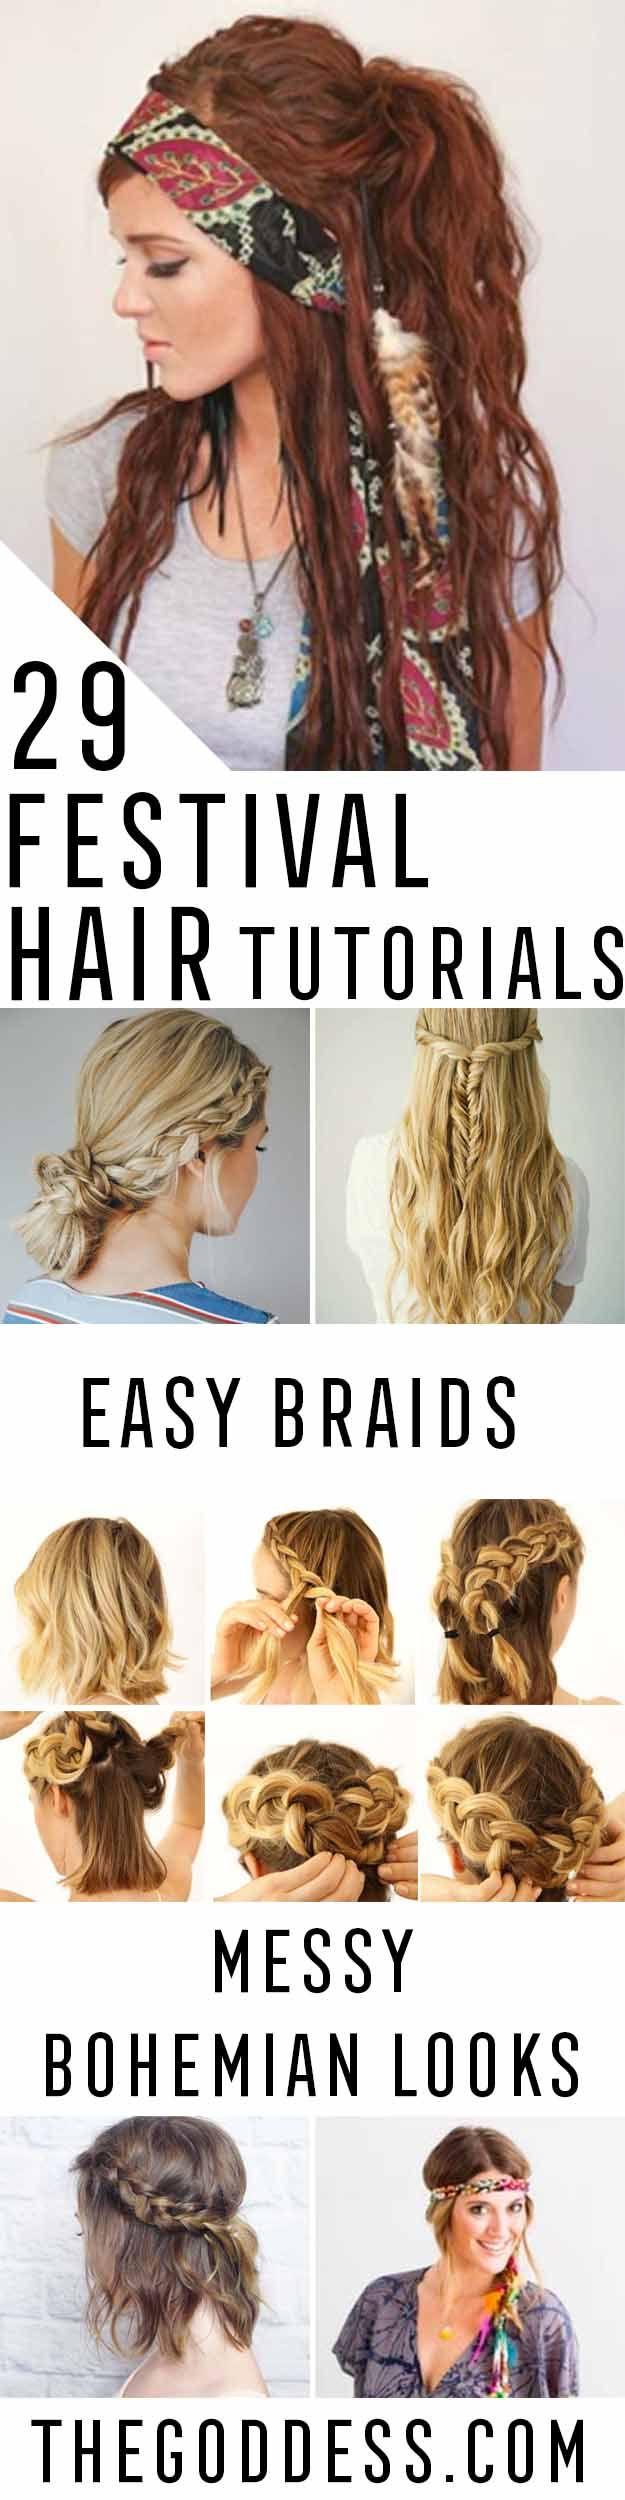 Best 25+ Curly hair tutorial ideas on Pinterest | Hair tutorial ...
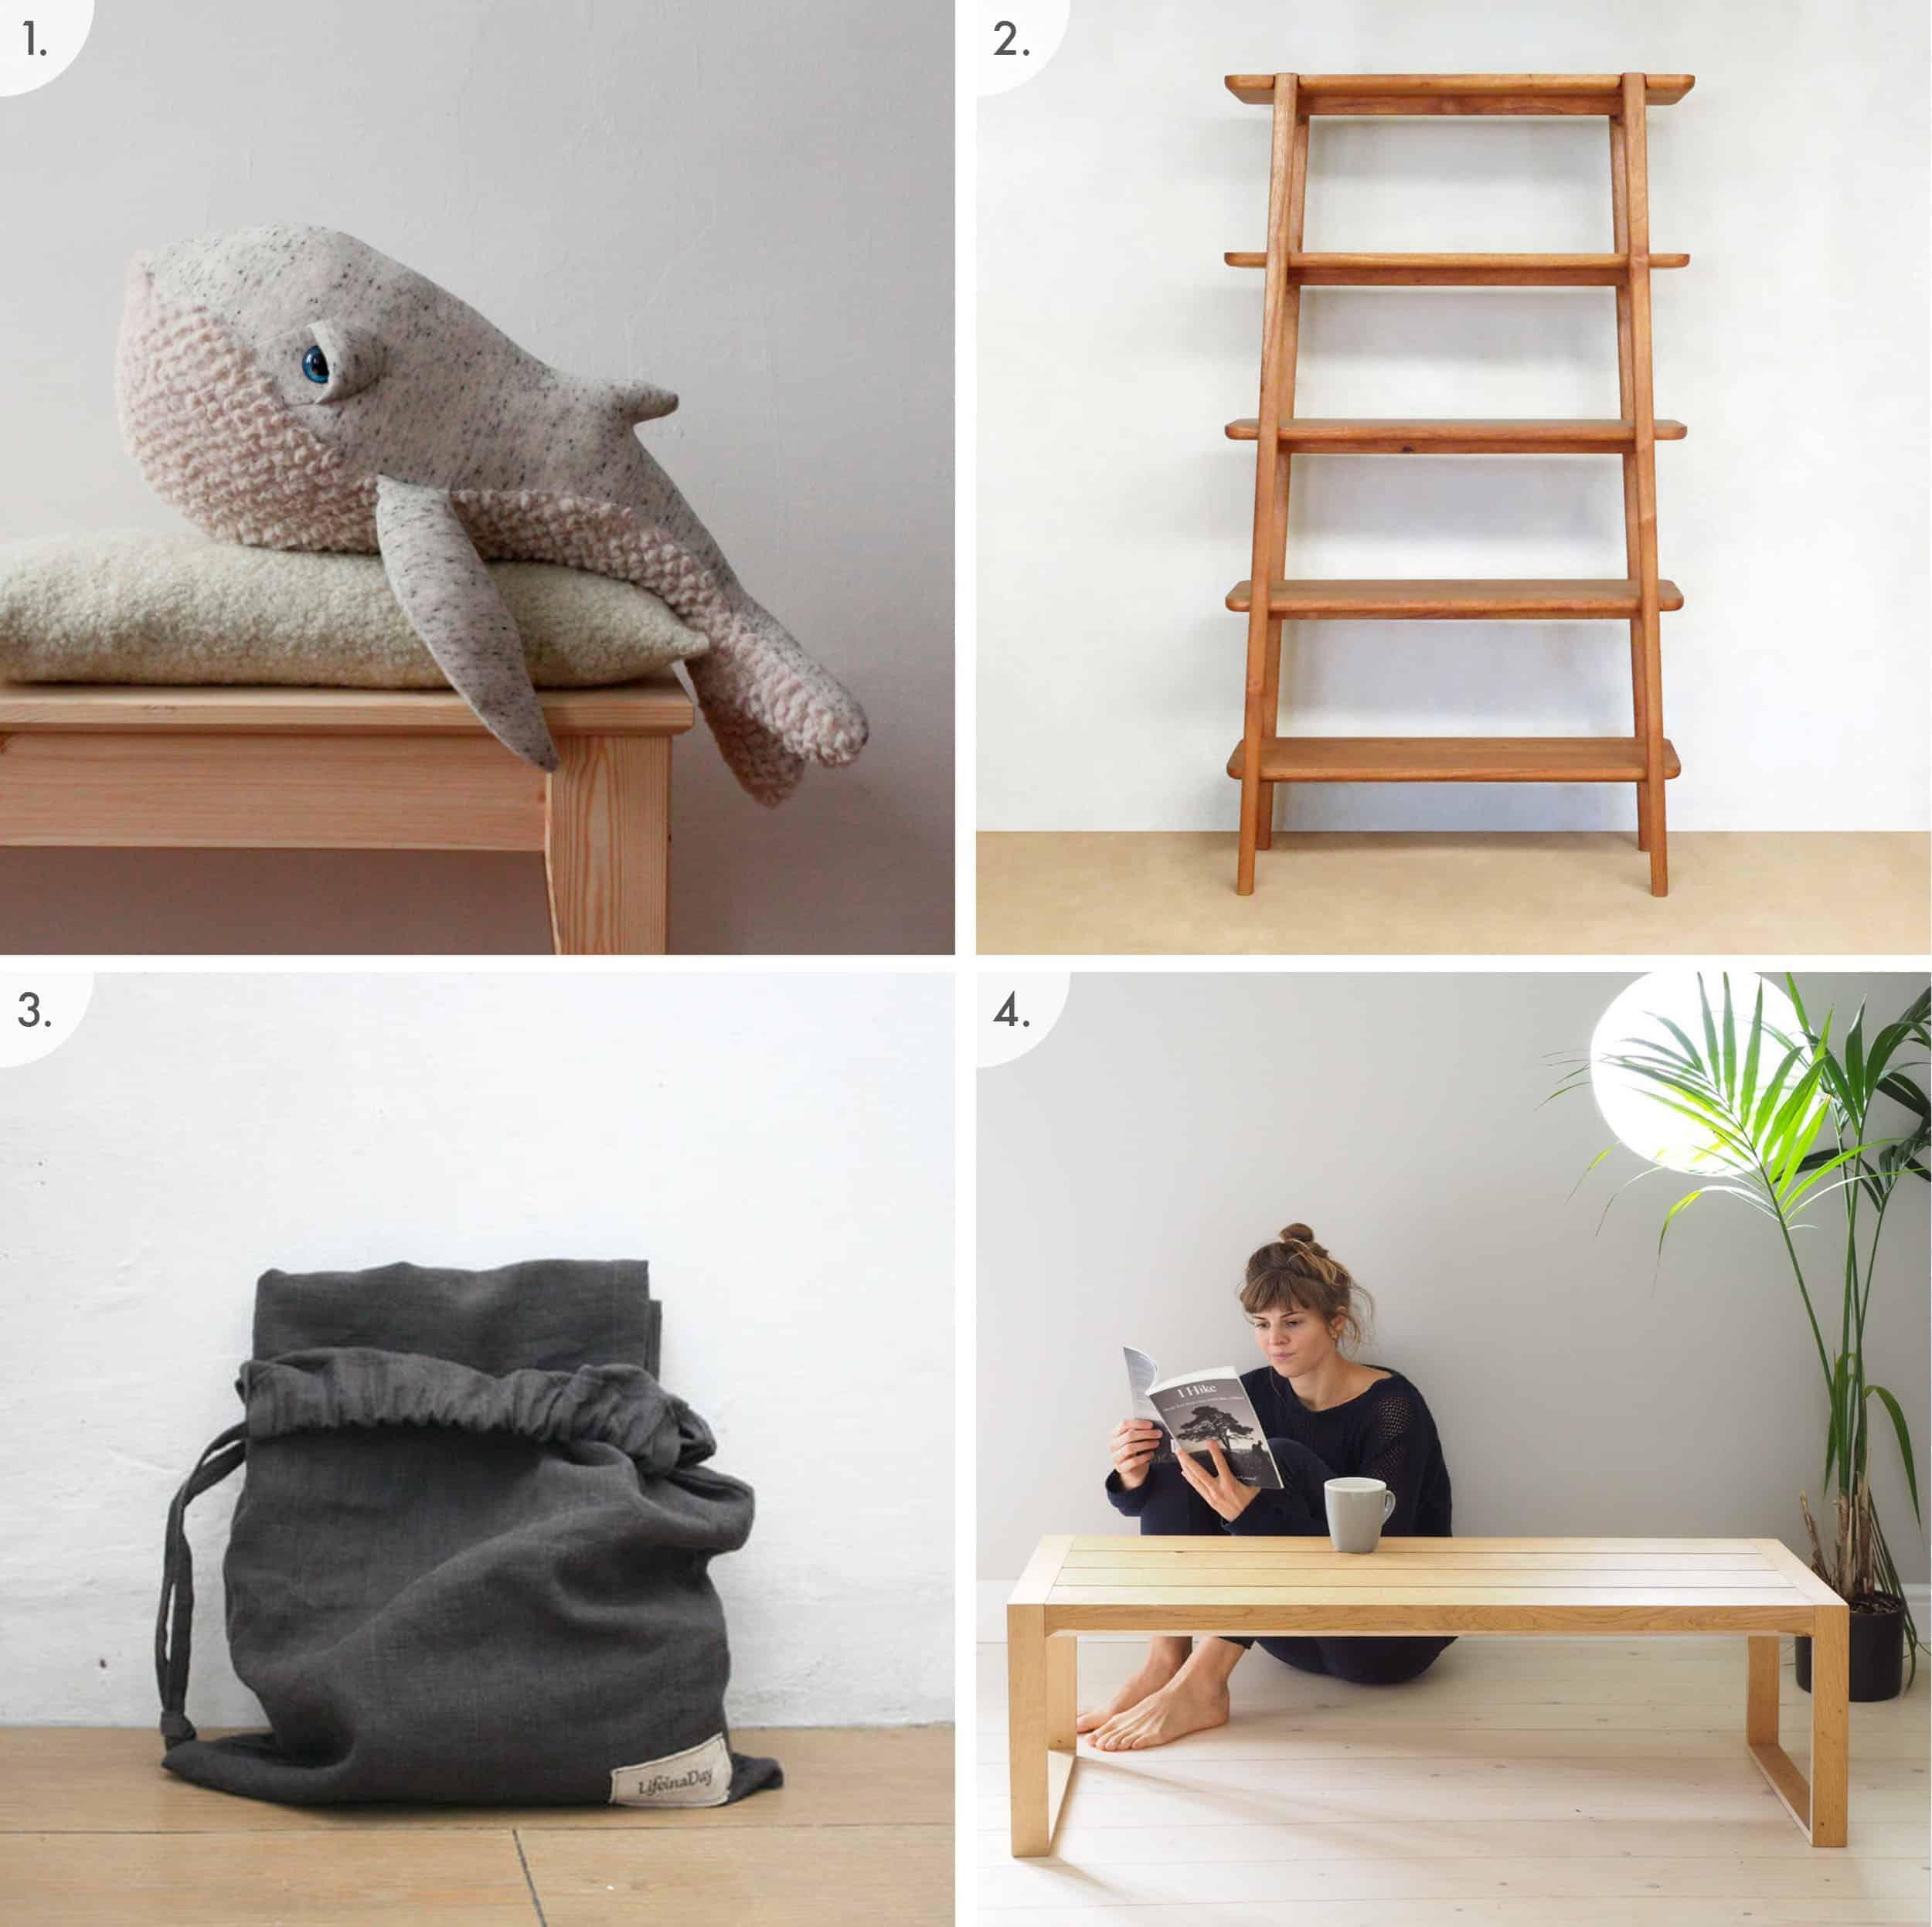 Whale Doll Midcentury Shelves Linen Picnic Blanket Minimal Modern Coffee Table
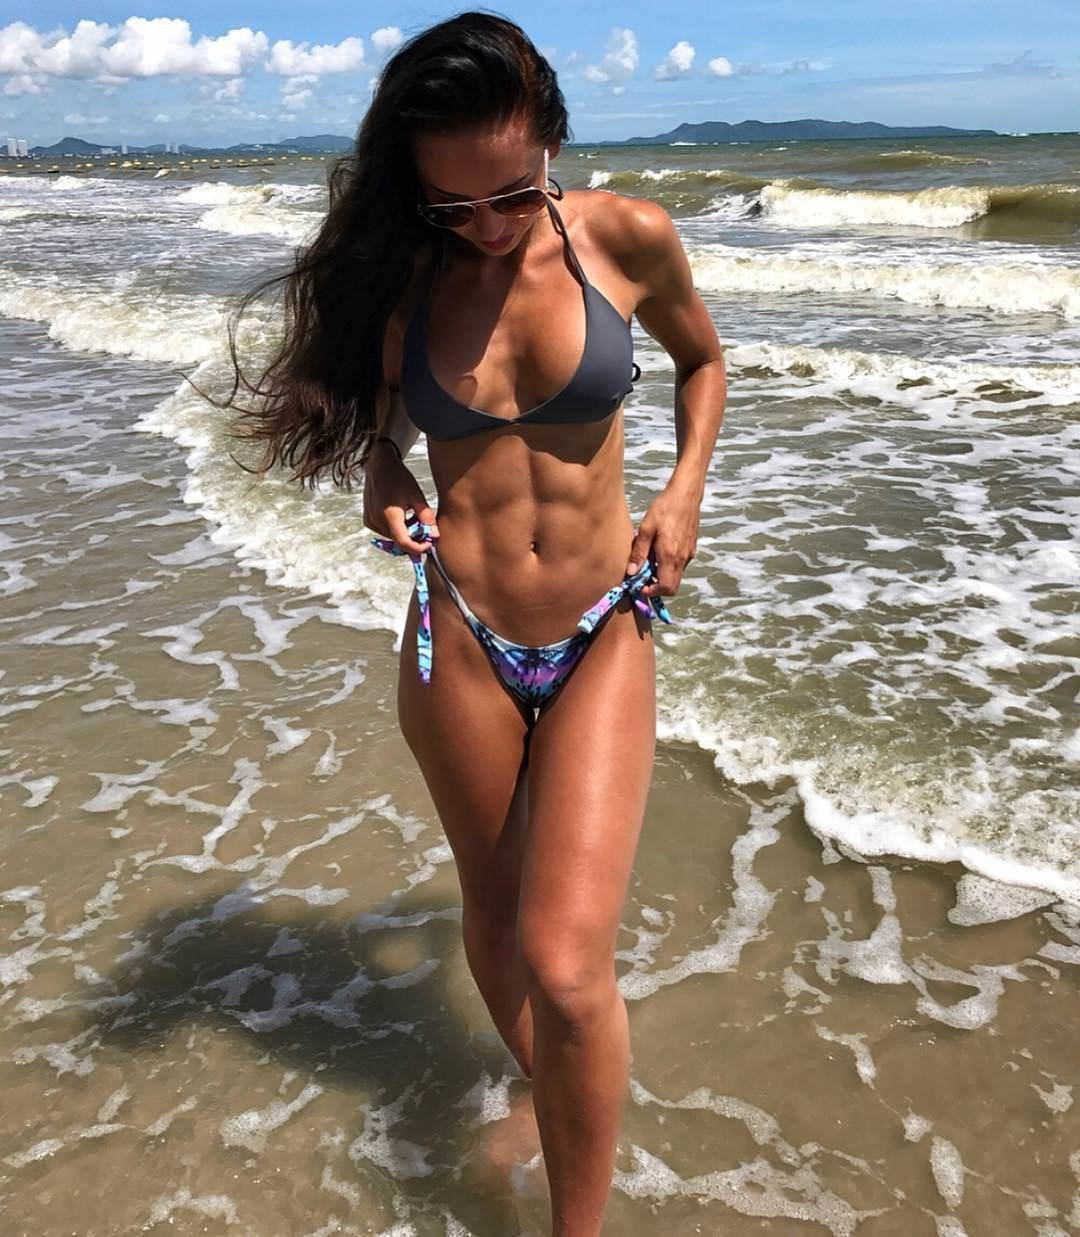 Pictures Sanna-Maria Seilamo nudes (88 photos), Pussy, Hot, Feet, in bikini 2015

> EXERCISE:
Restate all of the material word for word, leaving every picture out.

> RESULT OF THE EXERCISE:
 Best 25+ Curly hair tutorial ideas on Pinterest | Hair tutorial ...
 Whale Doll Midcentury Shelves Linen Picnic Blanket Minimal Modern Coffee Table
 Pictures Sanna-Maria Seilamo nudes (88 photos), Pussy, Hot, Feet, in bikini 2015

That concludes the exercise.